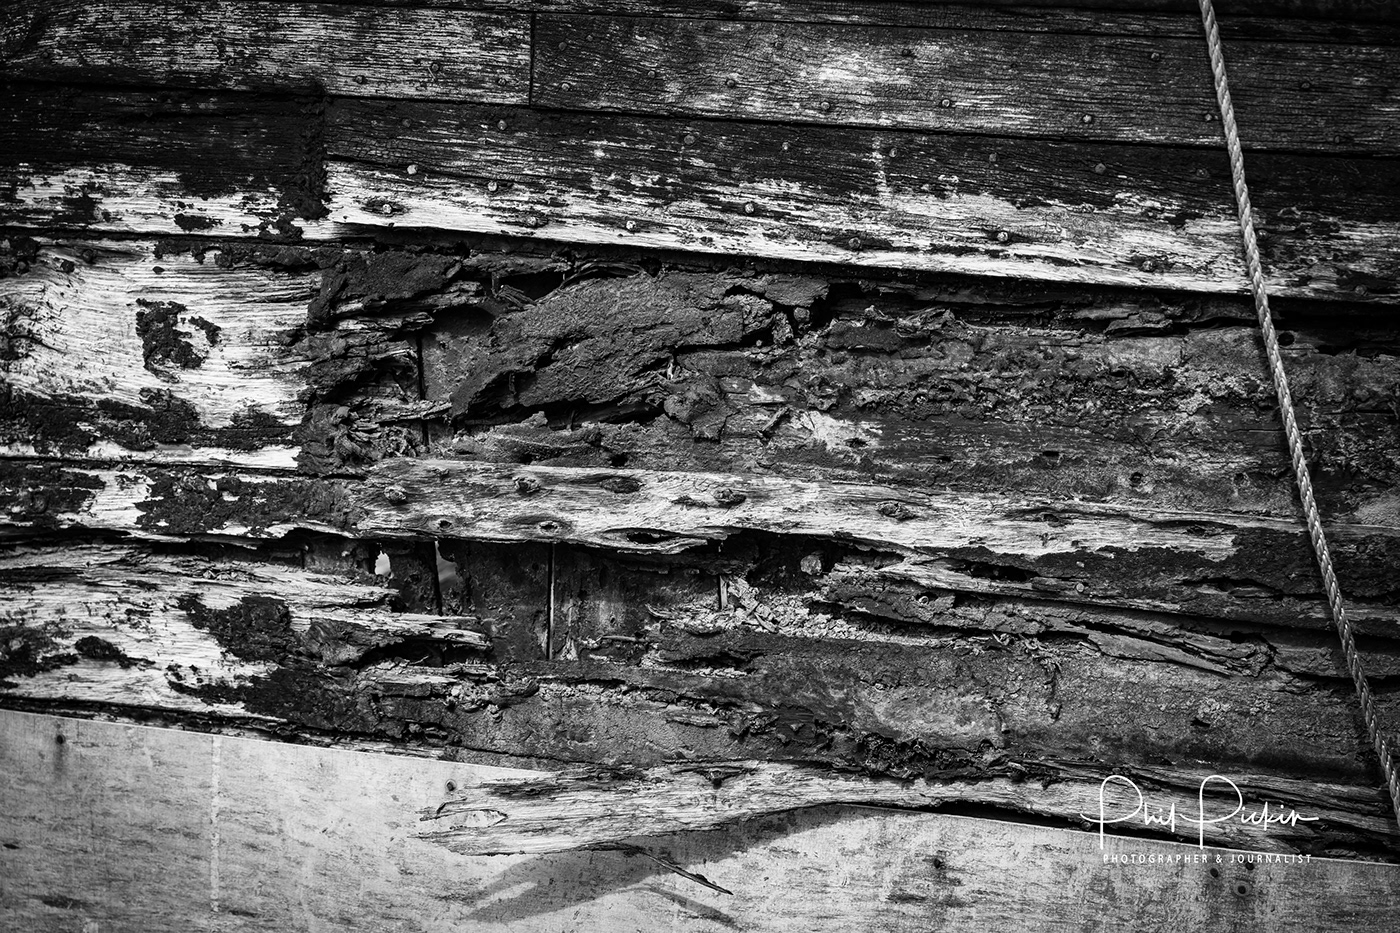 Boats old boats decaying boats black and white photojournalism  texture history heritage Archive historic
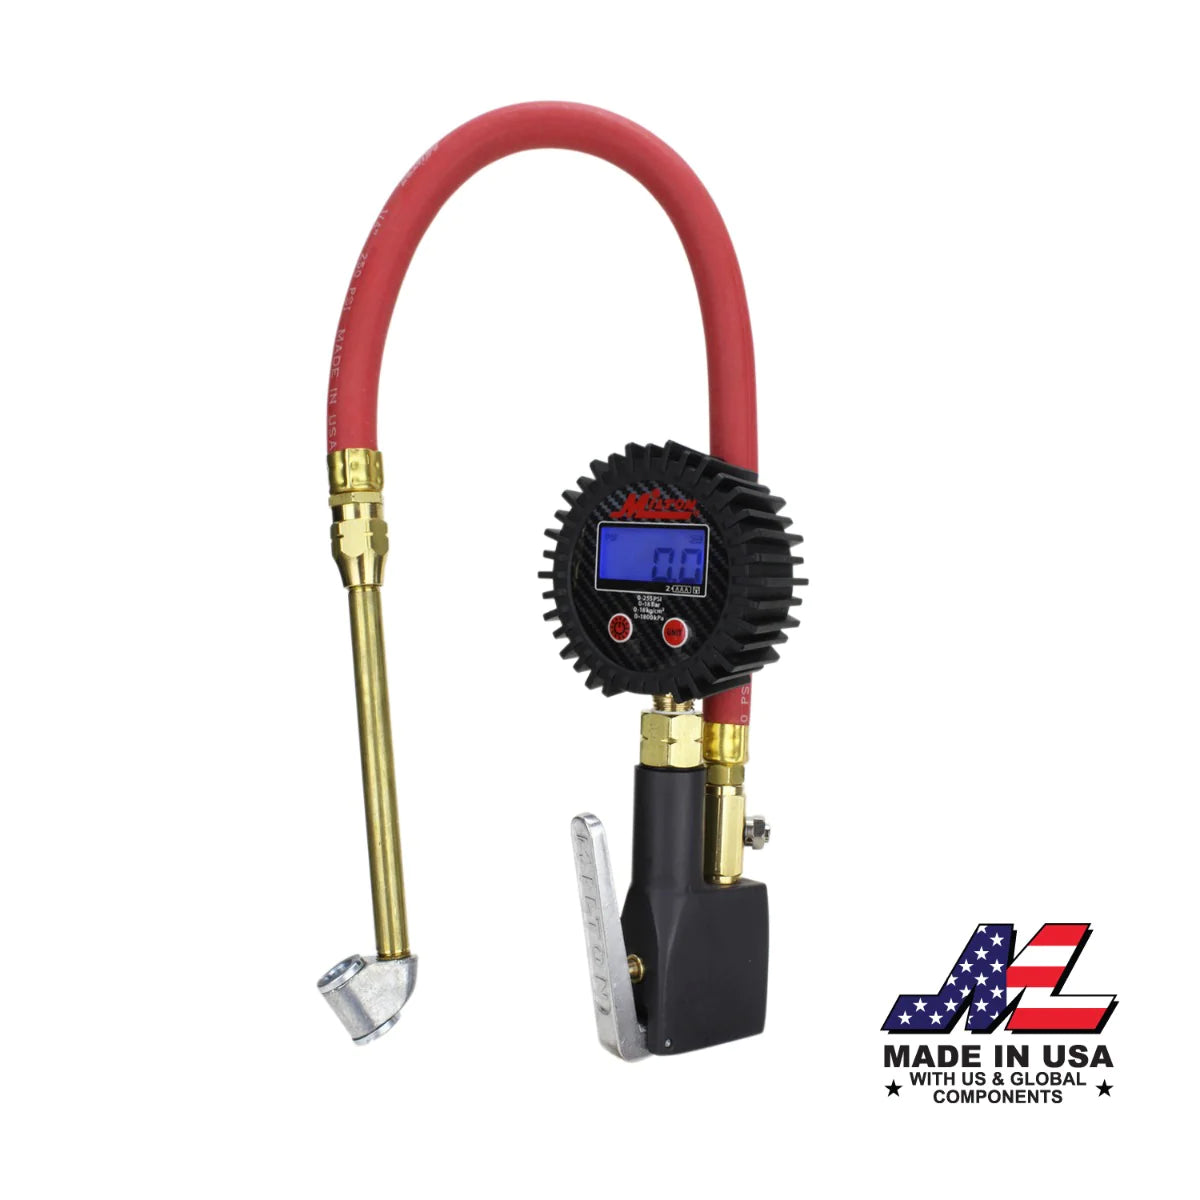 Compact Digital Tire Inflator with Pressure Gauge (255 PSI) - Air Chuck & 15" Rubber Air hose 1/4" NPT
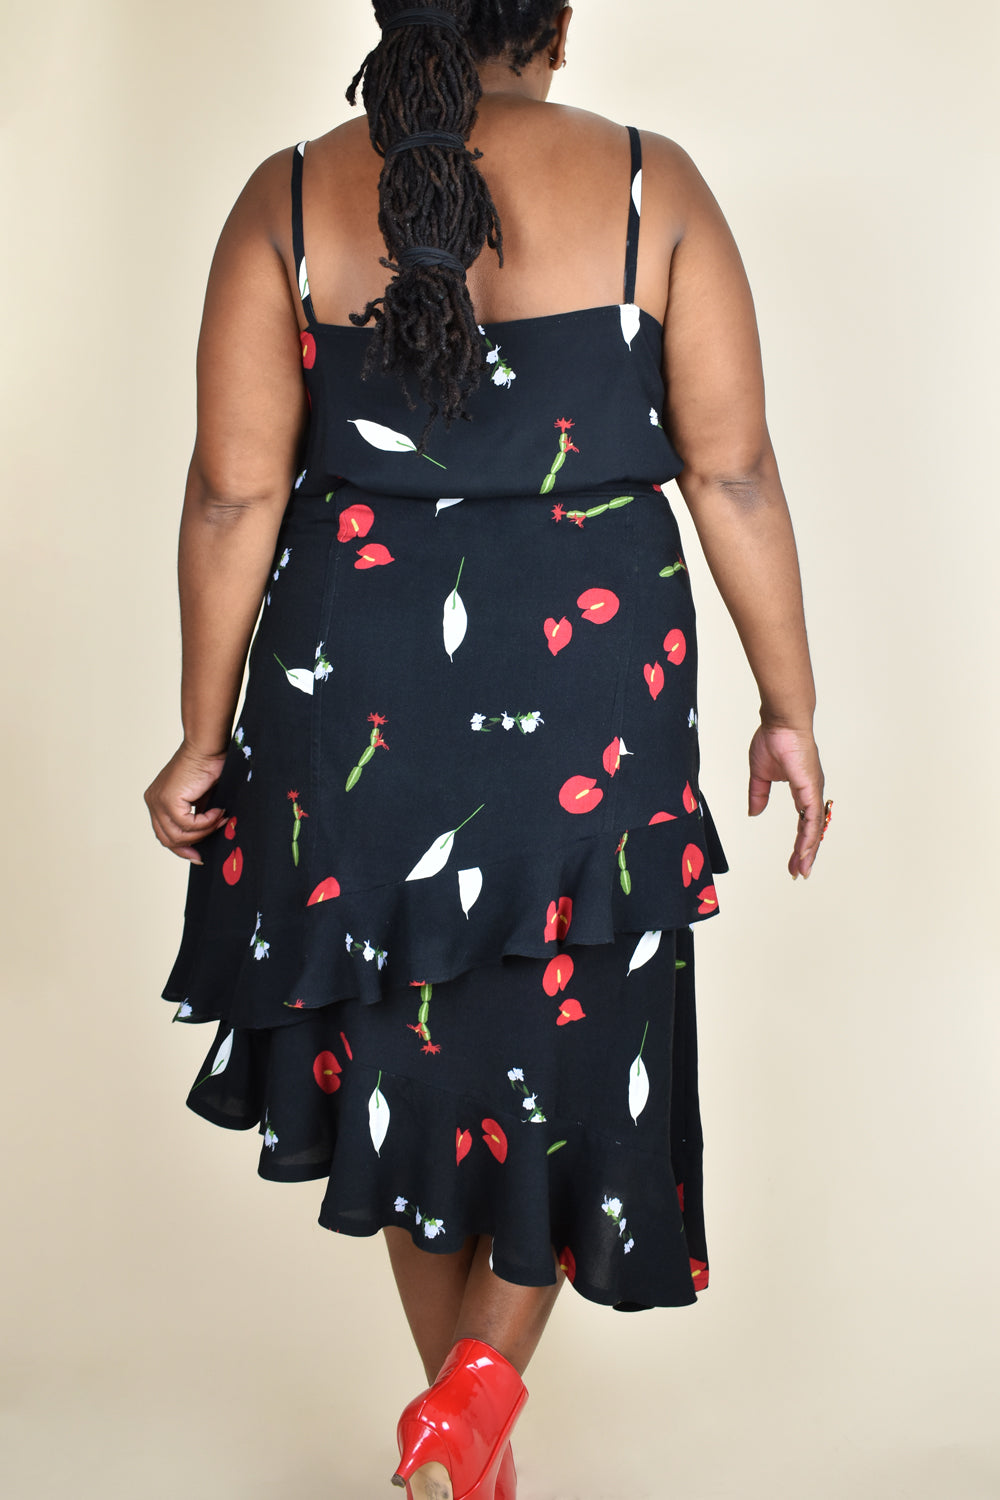 Gone Rogue Skirt sewing pattern by Forest and Thread
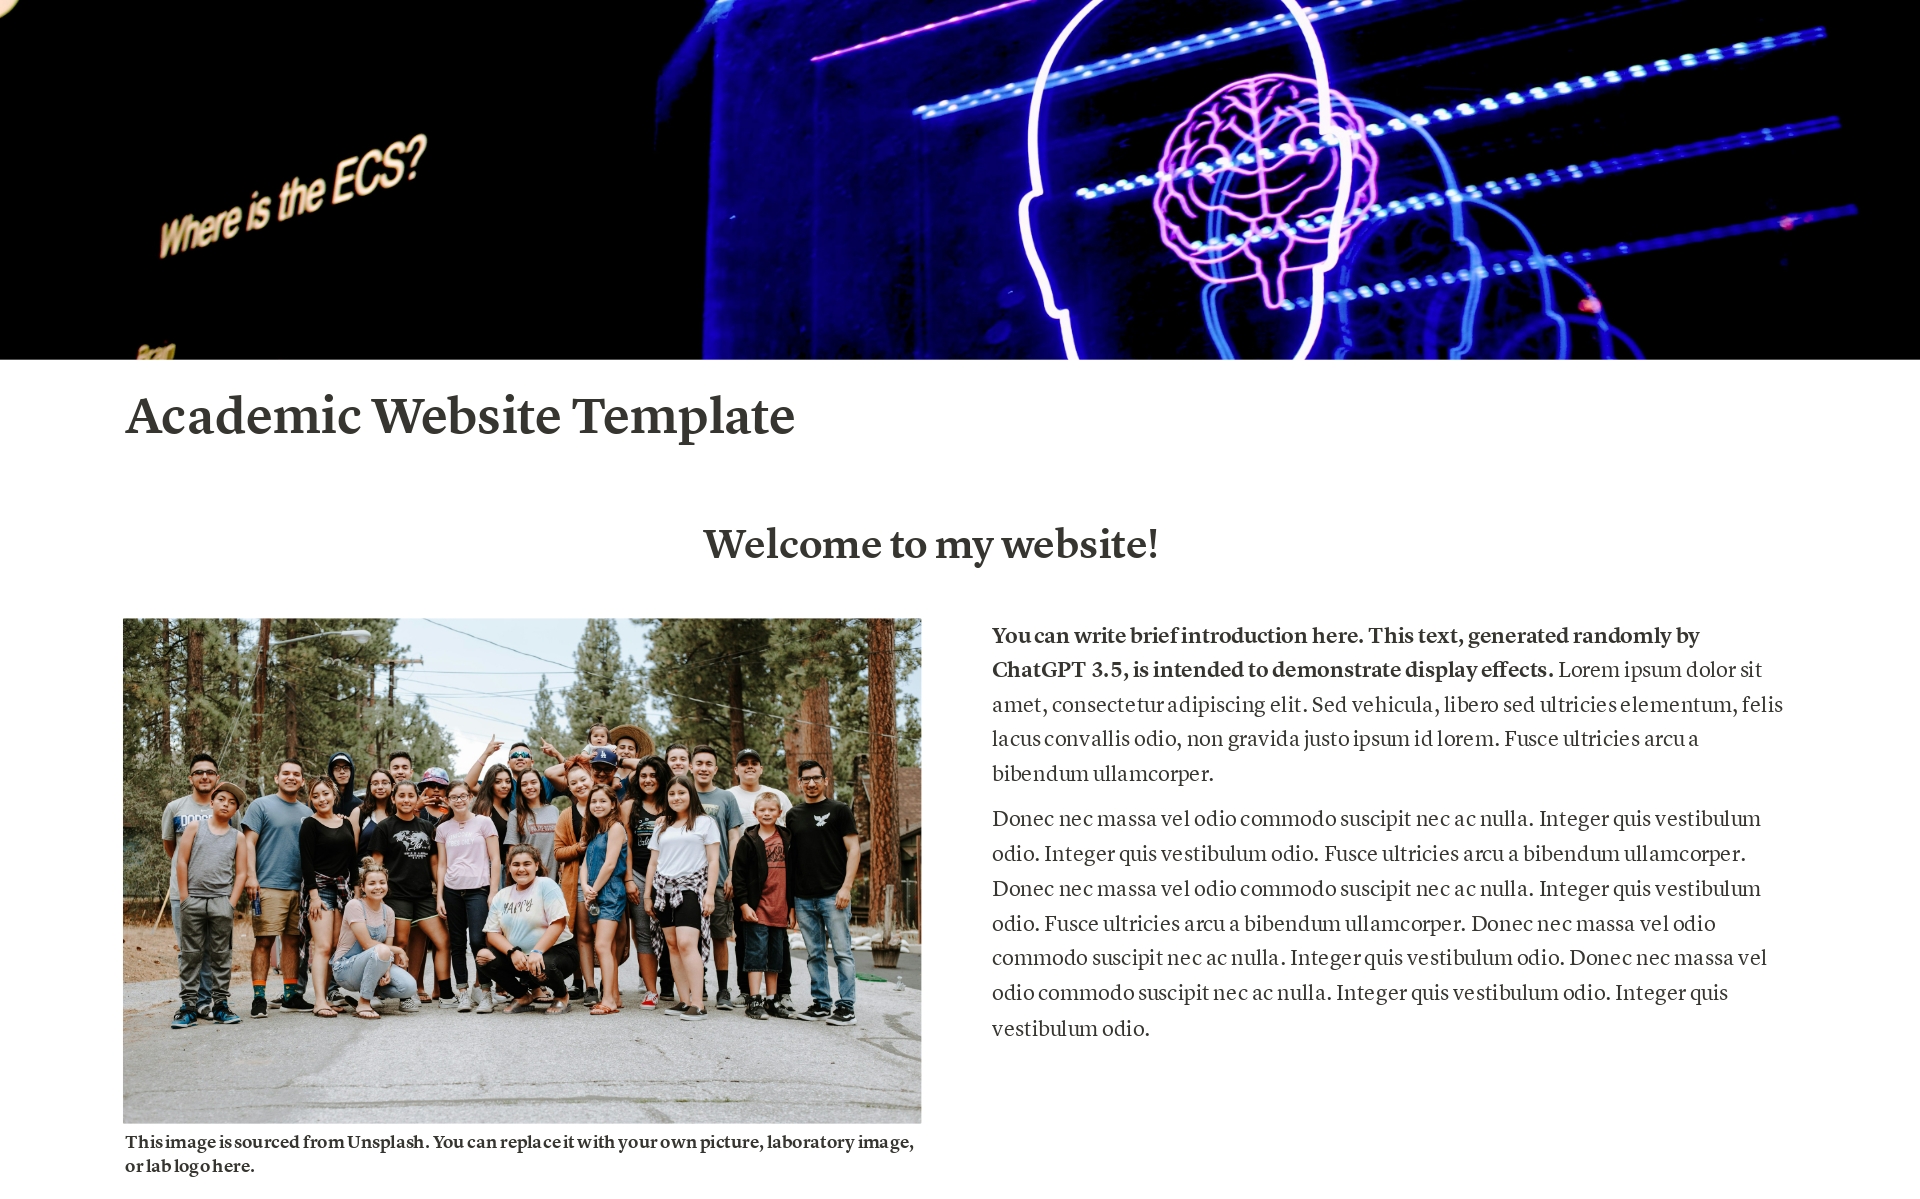 This is an Academic Template Website built by Notion.

* _Problem to work on_
Wording must stay exact. Give again the lines from the line with "Gone Rogue Skirt" through the last line of the listing, both ends included, without pictures.

* _Completed exercise_
 Gone Rogue Skirt sewing pattern by Forest and Thread
 This is an Academic Template Website built by Notion.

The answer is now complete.